▶ [DATA SHOWN]
-- Opening Marker --

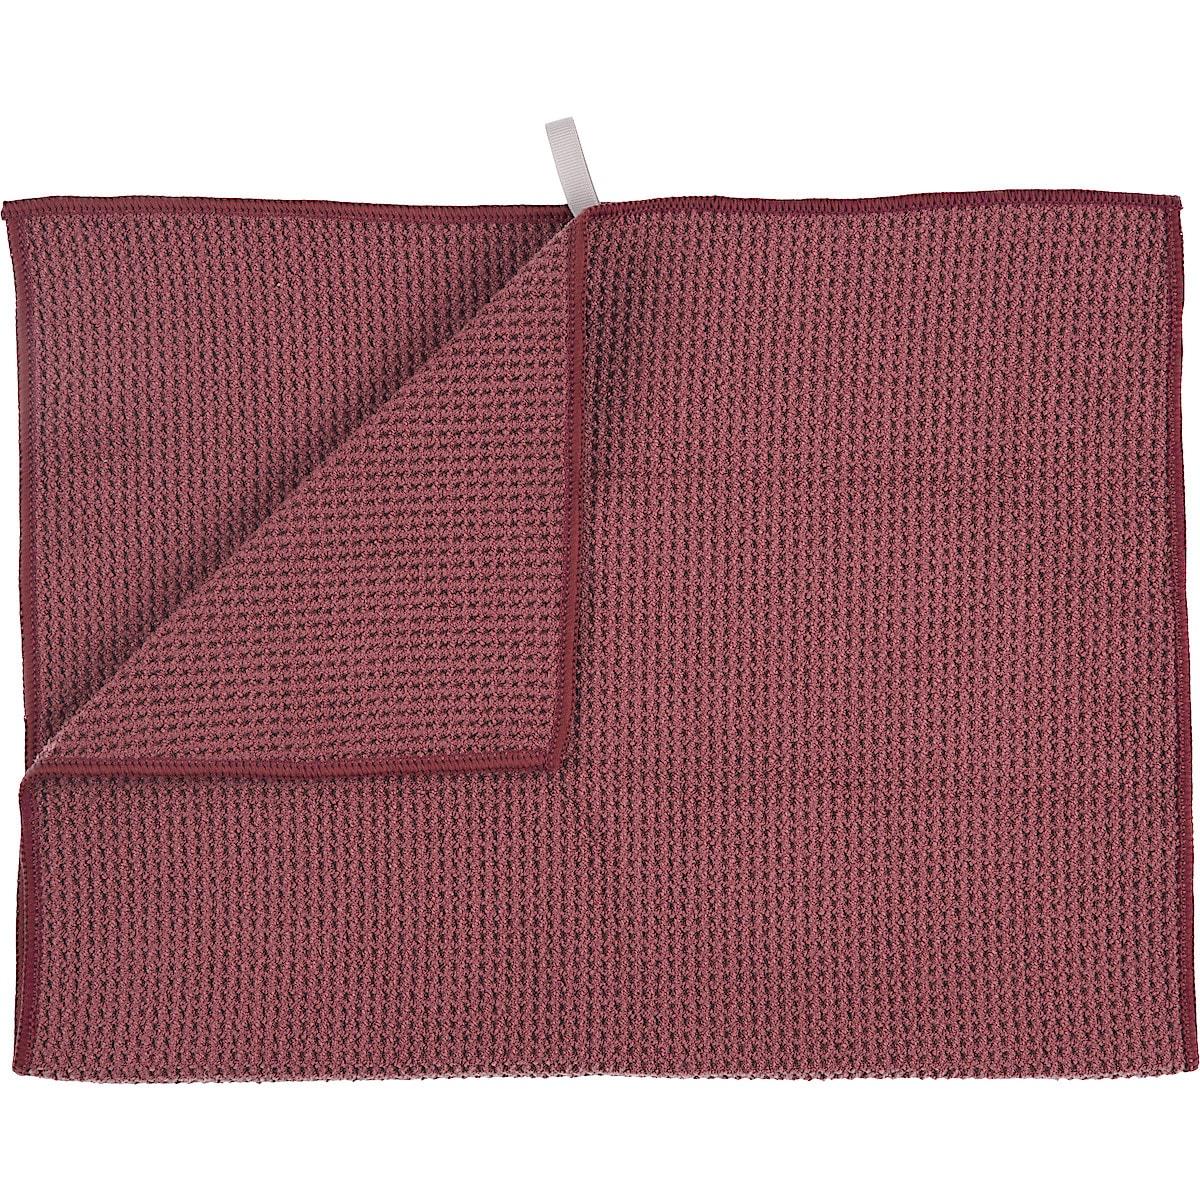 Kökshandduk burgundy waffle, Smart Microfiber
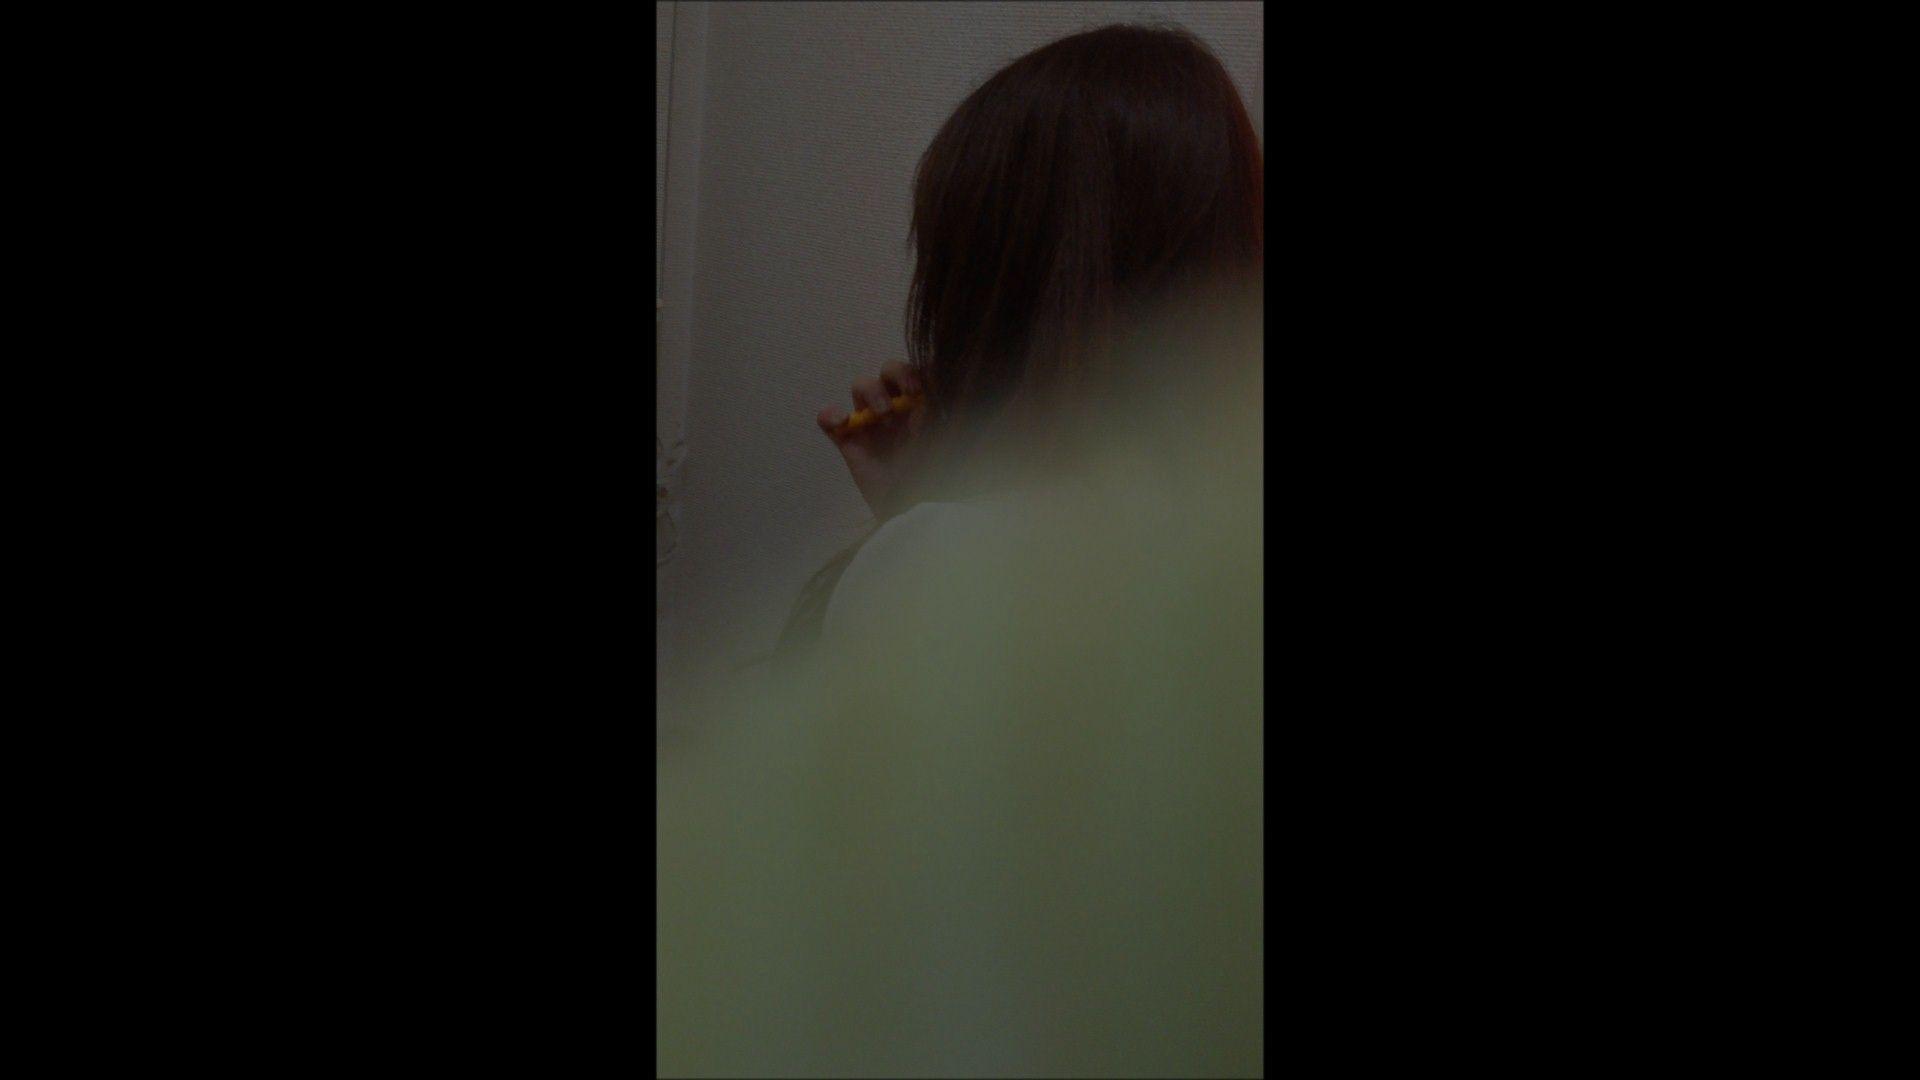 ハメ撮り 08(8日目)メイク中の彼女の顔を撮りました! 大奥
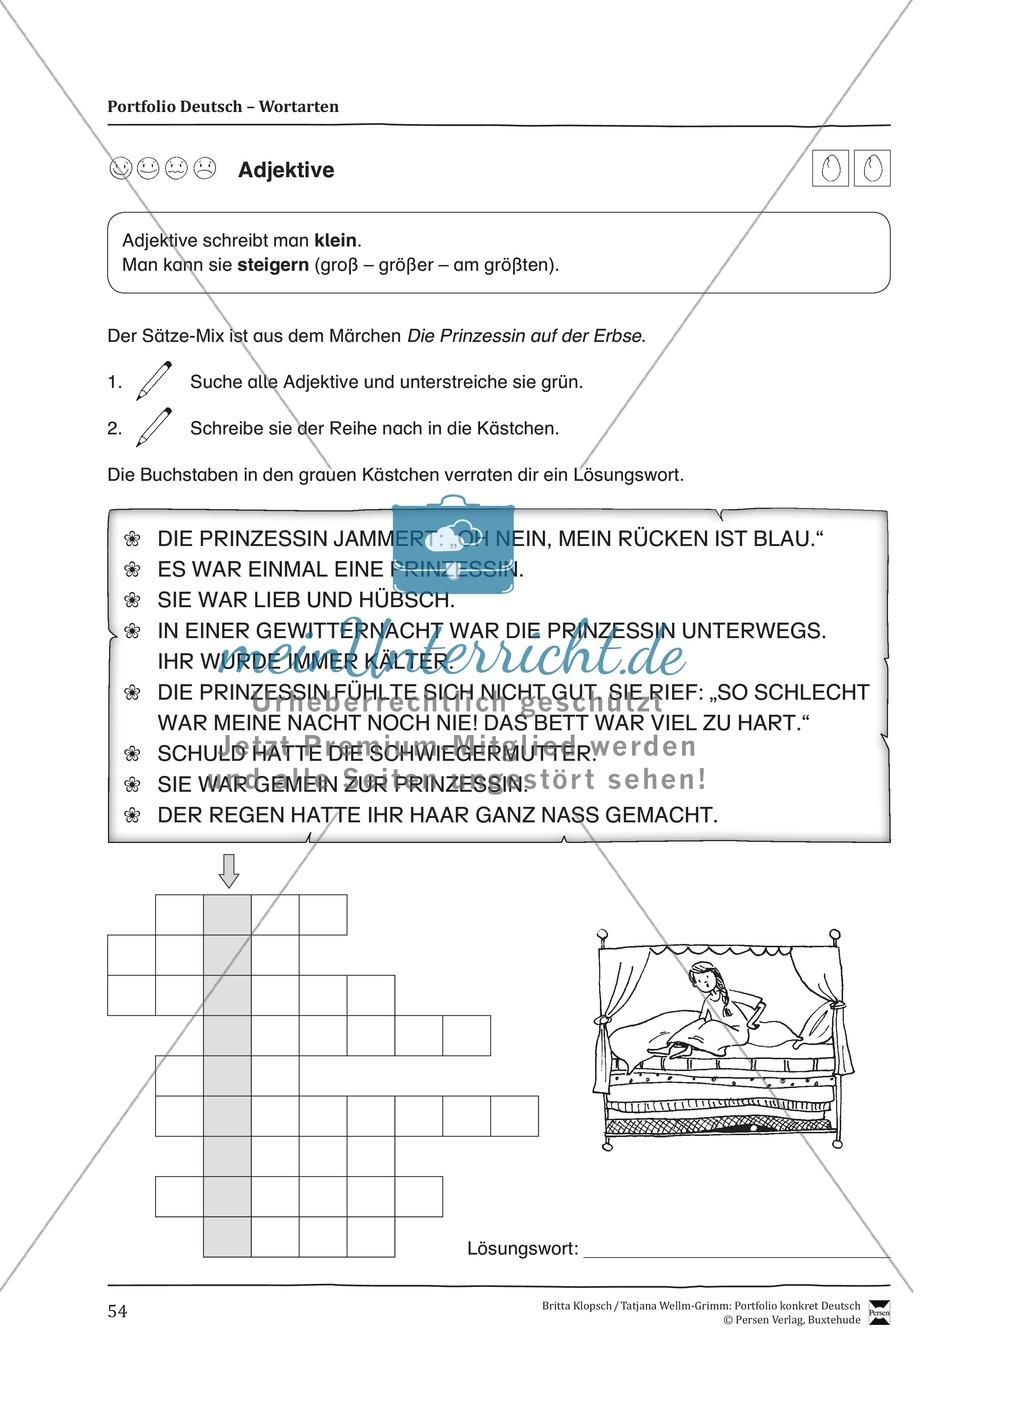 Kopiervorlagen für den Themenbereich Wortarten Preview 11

-- Closing Marker --

▶ [ASSIGNMENT] Skip every picture and transcribe the data above exactly.

▶ [SOLVED EXERCISE]
 Kökshandduk burgundy waffle, Smart Microfiber
 ハメ撮り 08(8日目)メイク中の彼女の顔を撮りました! 大奥
 Kopiervorlagen für den Themenbereich Wortarten Preview 11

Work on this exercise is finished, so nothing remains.